■ Task description ■
From the records below, please print only the lines from the one containing "Final Fantasy XIV Girl" through the one containing "CBSE Class 12", both included. Skip the pictures.

■ Supplied records ■
|---|

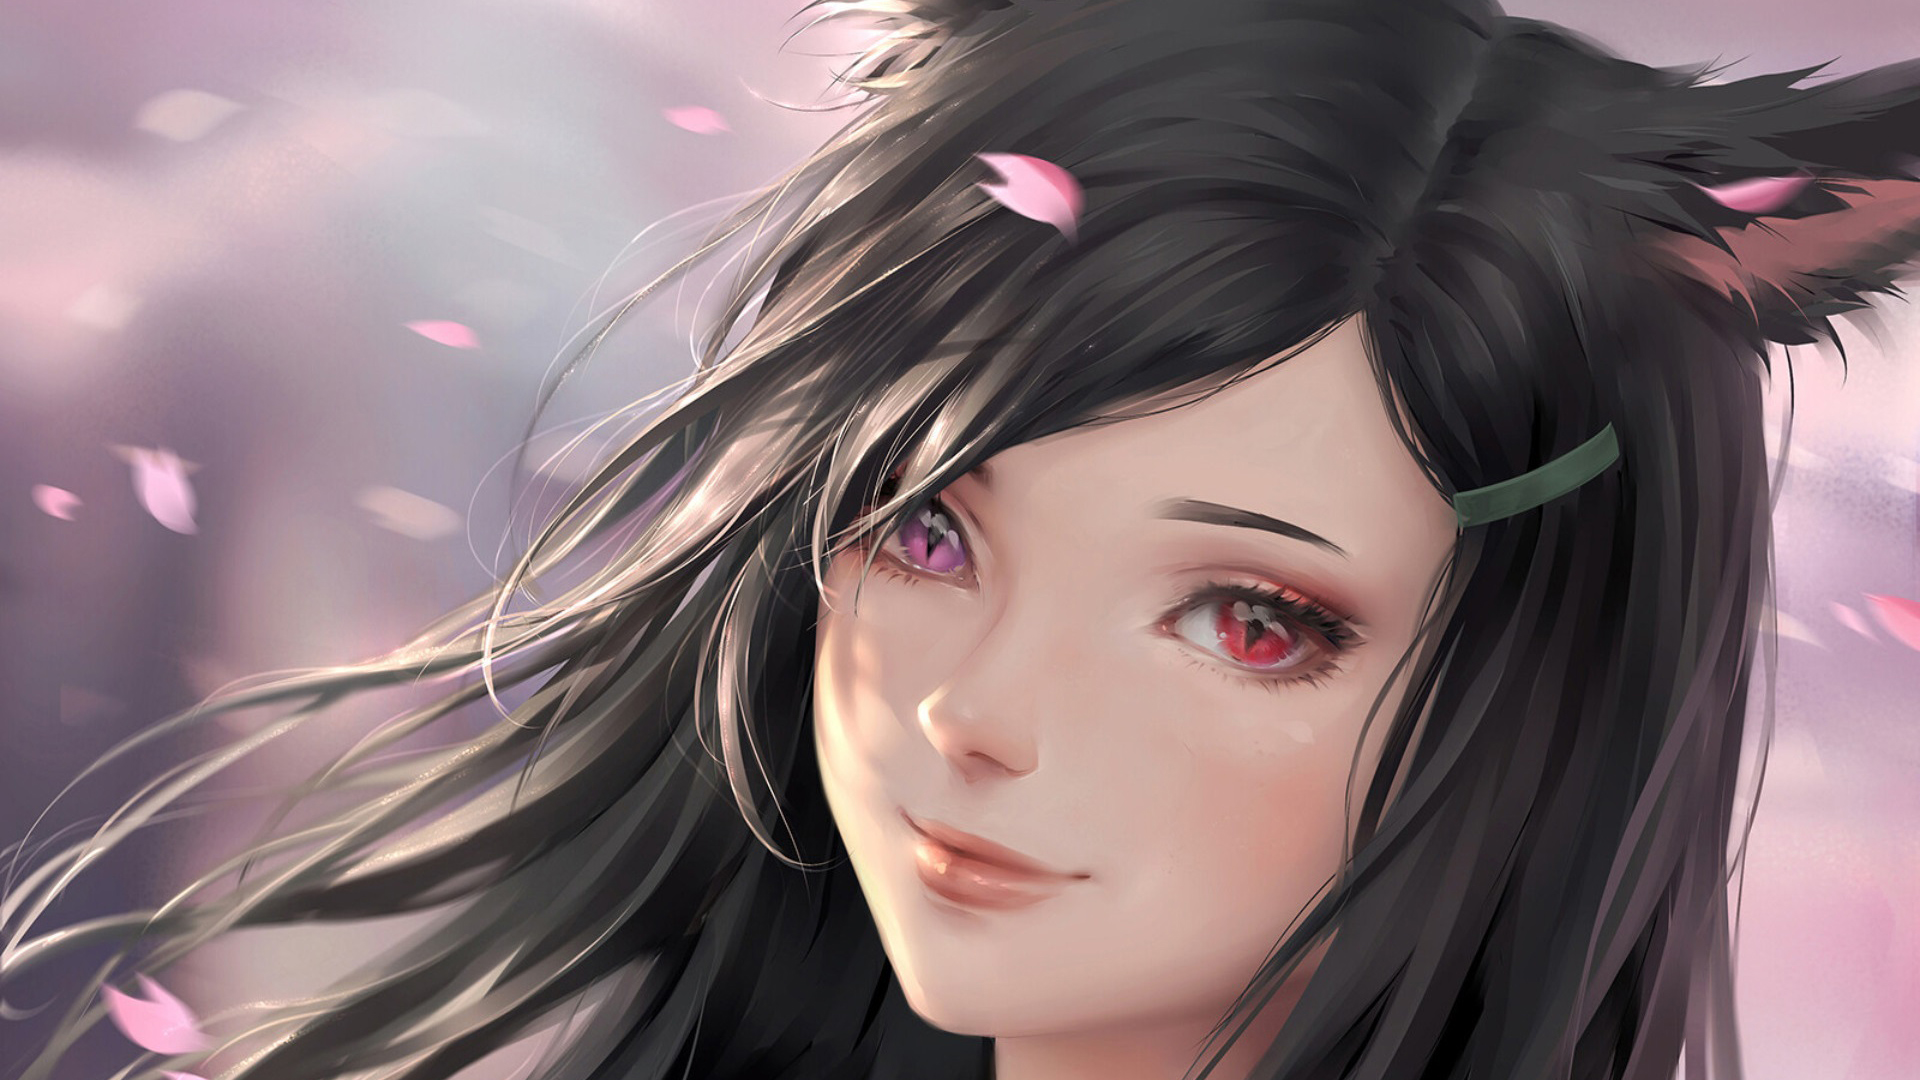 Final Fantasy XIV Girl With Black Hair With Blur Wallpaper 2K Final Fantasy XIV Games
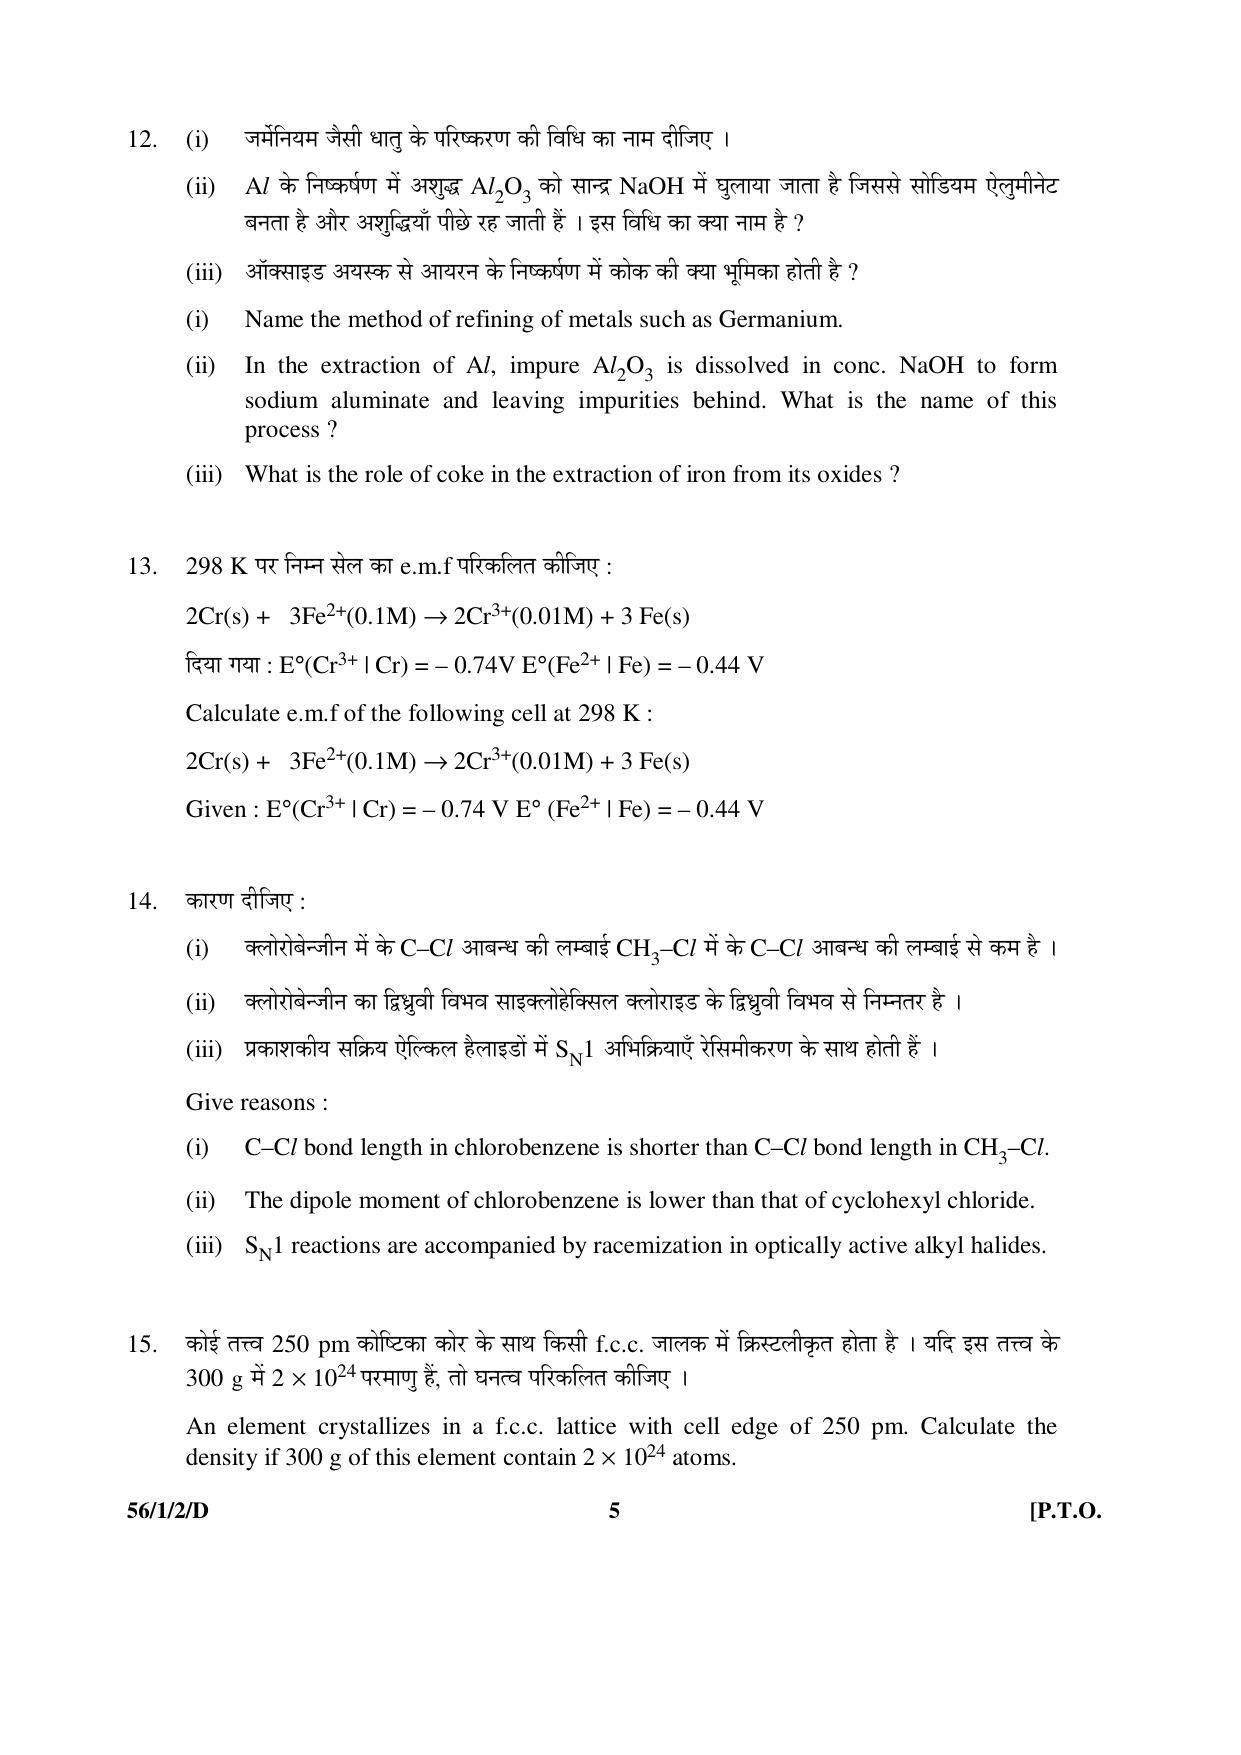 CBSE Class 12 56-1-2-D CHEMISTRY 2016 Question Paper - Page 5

|---|

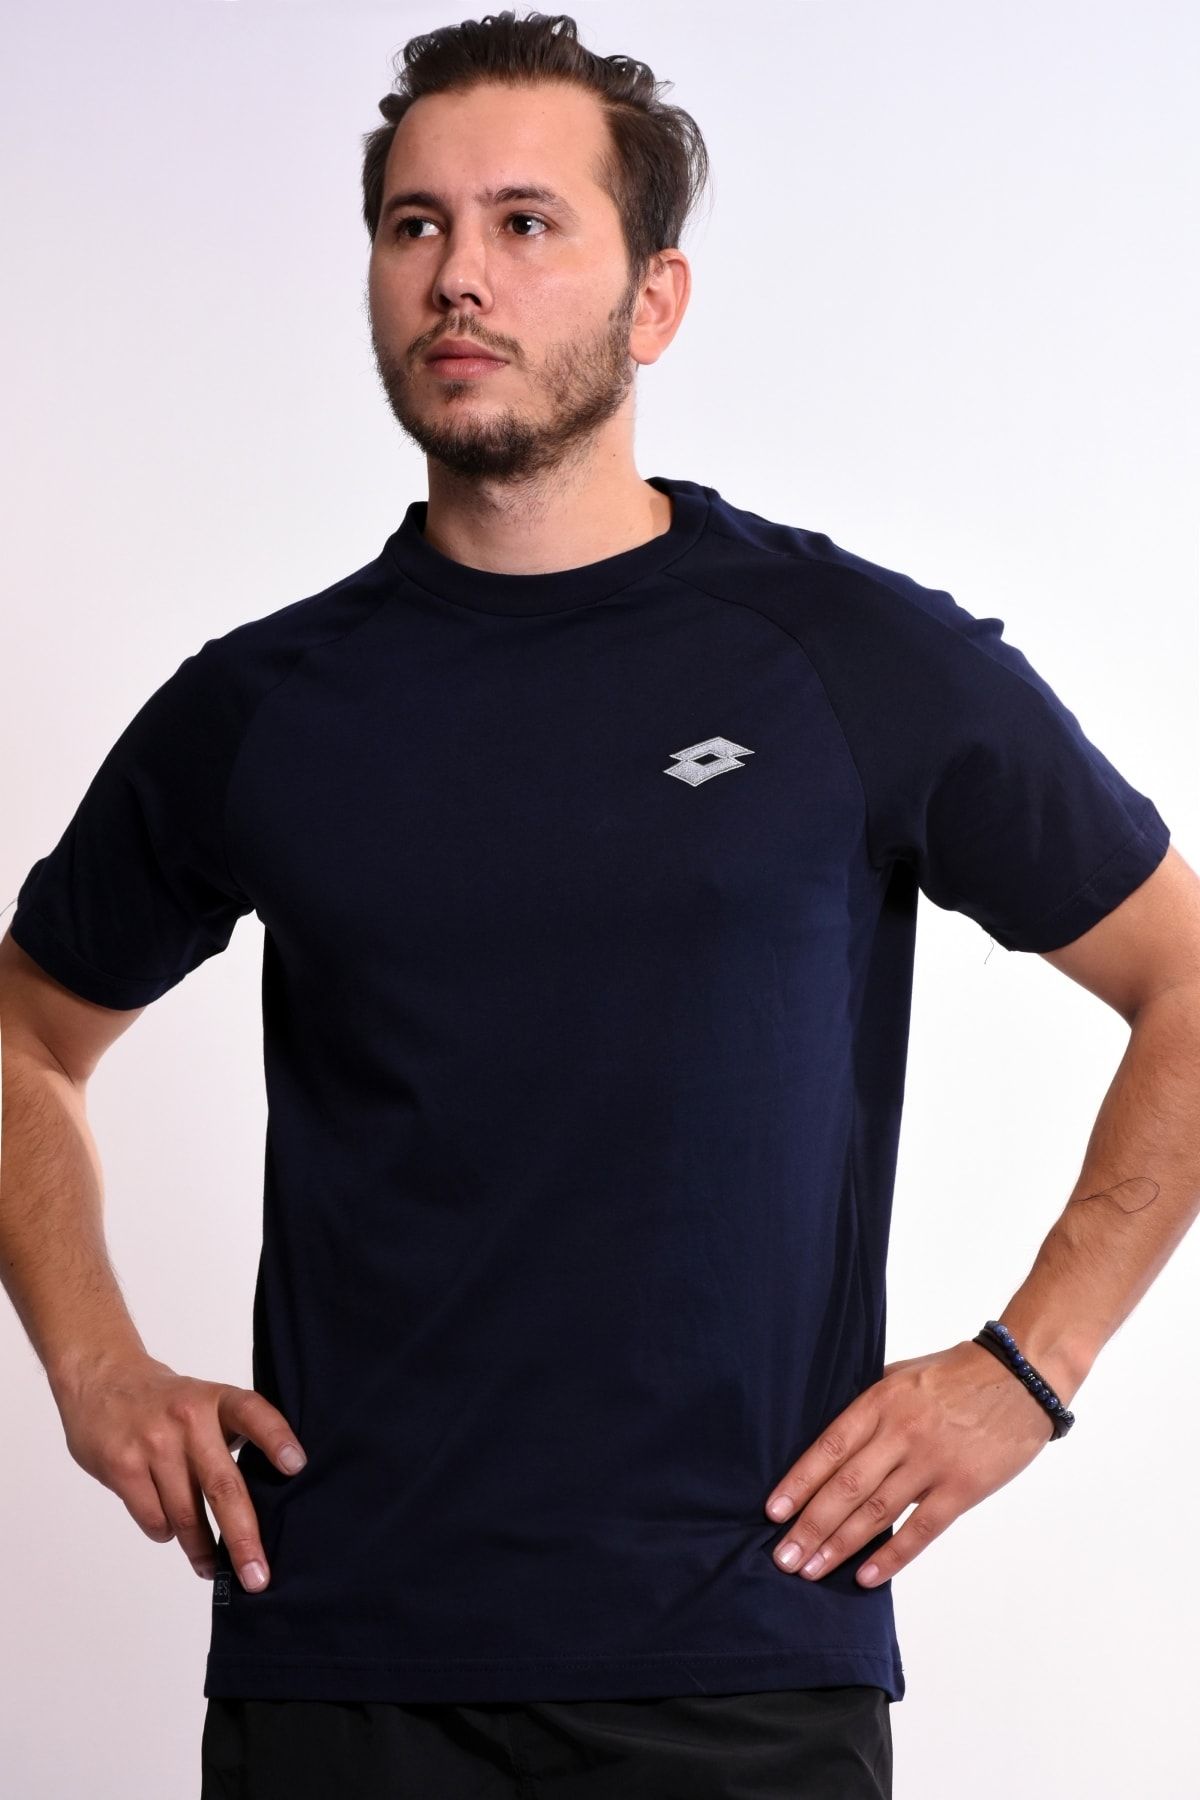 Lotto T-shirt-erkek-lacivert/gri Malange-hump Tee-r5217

|---|

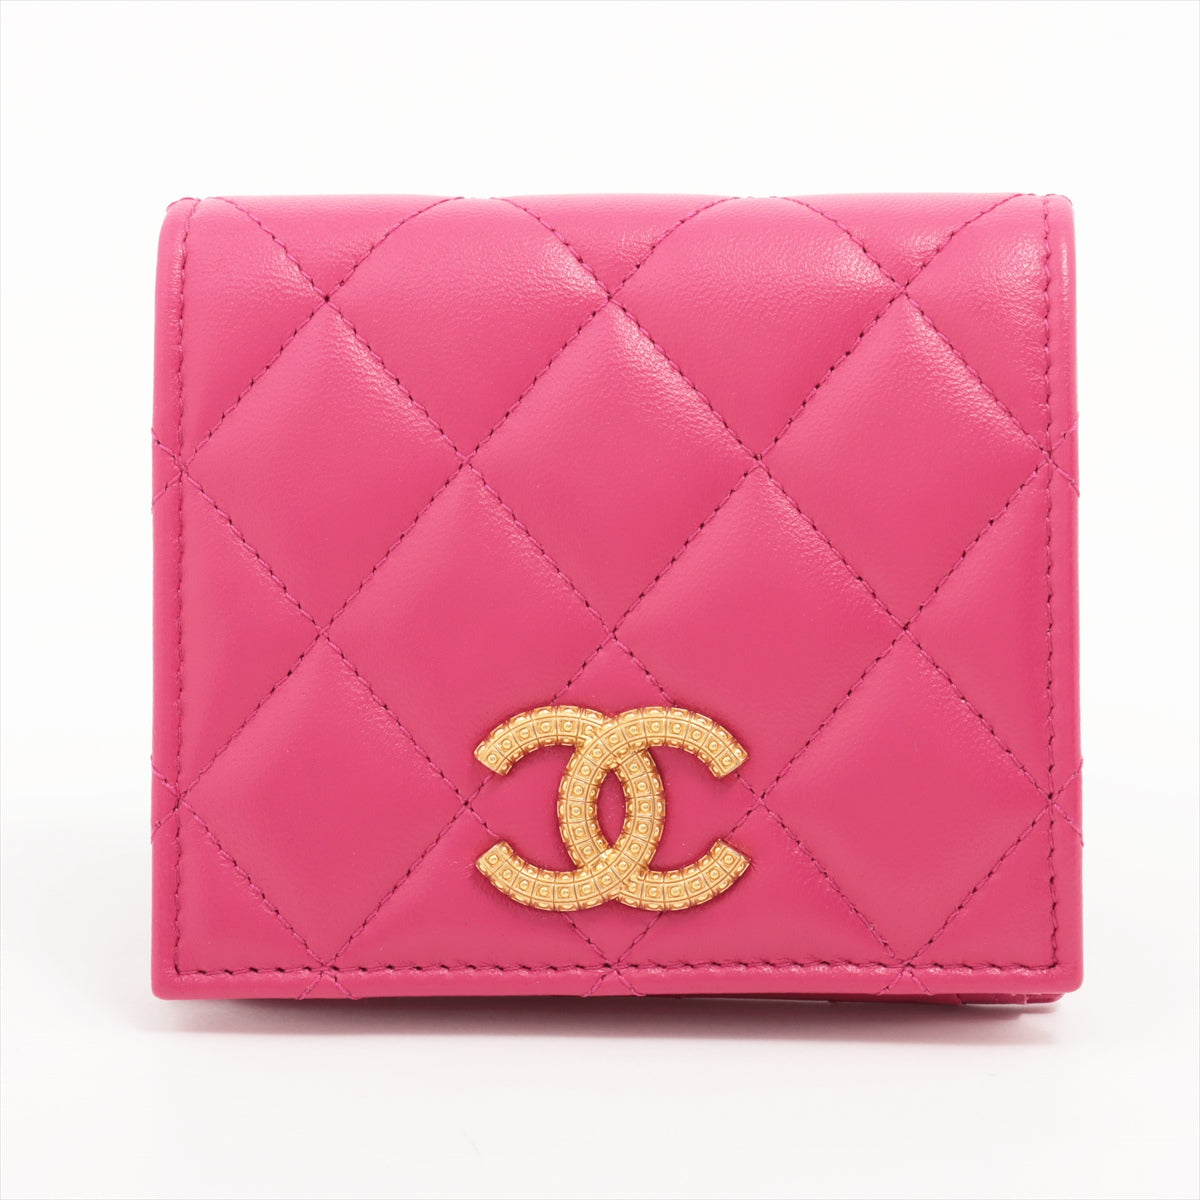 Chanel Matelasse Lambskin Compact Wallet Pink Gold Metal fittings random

|---|

■ Answer area ■
 Final Fantasy XIV Girl With Black Hair With Blur Wallpaper 2K Final Fantasy XIV Games
 CBSE Class 12 56-1-2-D CHEMISTRY 2016 Question Paper - Page 5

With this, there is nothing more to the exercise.